* _Exercise directions_
Look through the entries below and extract exactly the lines from the one containing "Human Growth Hormone" through the one containing "Ten New Songs", ends included.

* _Records shown_

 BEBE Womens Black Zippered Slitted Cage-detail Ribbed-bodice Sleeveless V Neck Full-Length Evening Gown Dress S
---
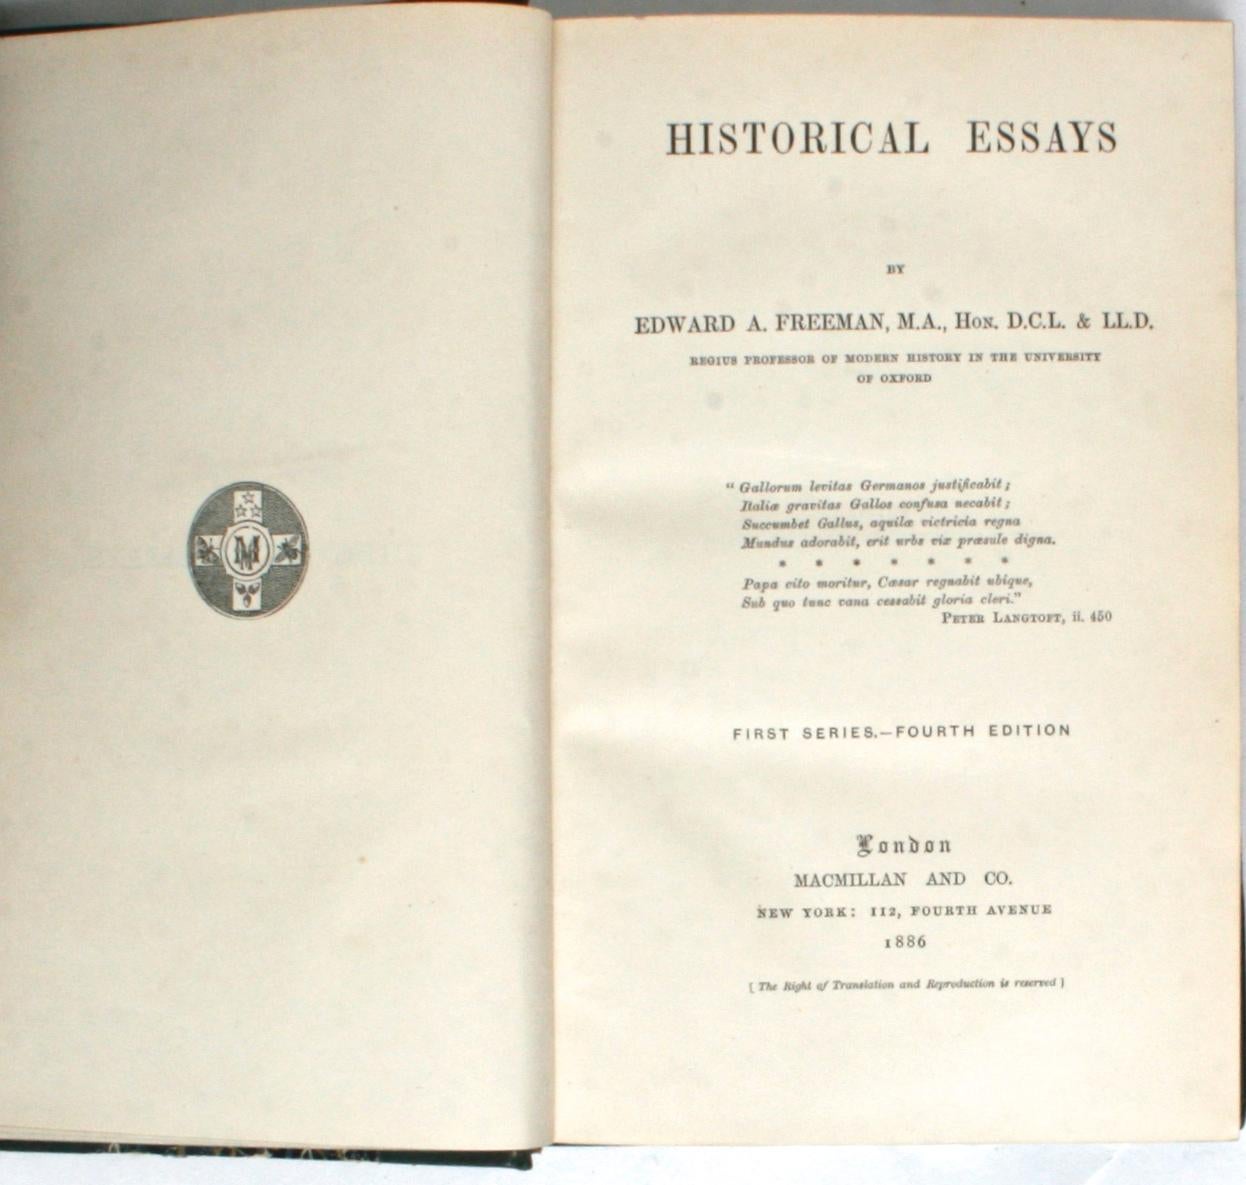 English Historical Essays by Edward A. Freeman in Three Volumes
==
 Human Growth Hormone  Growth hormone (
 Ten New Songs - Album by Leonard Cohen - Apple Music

* _Written response_
 Human Growth Hormone  Growth hormone (
 Ten New Songs - Album by Leonard Cohen - Apple Music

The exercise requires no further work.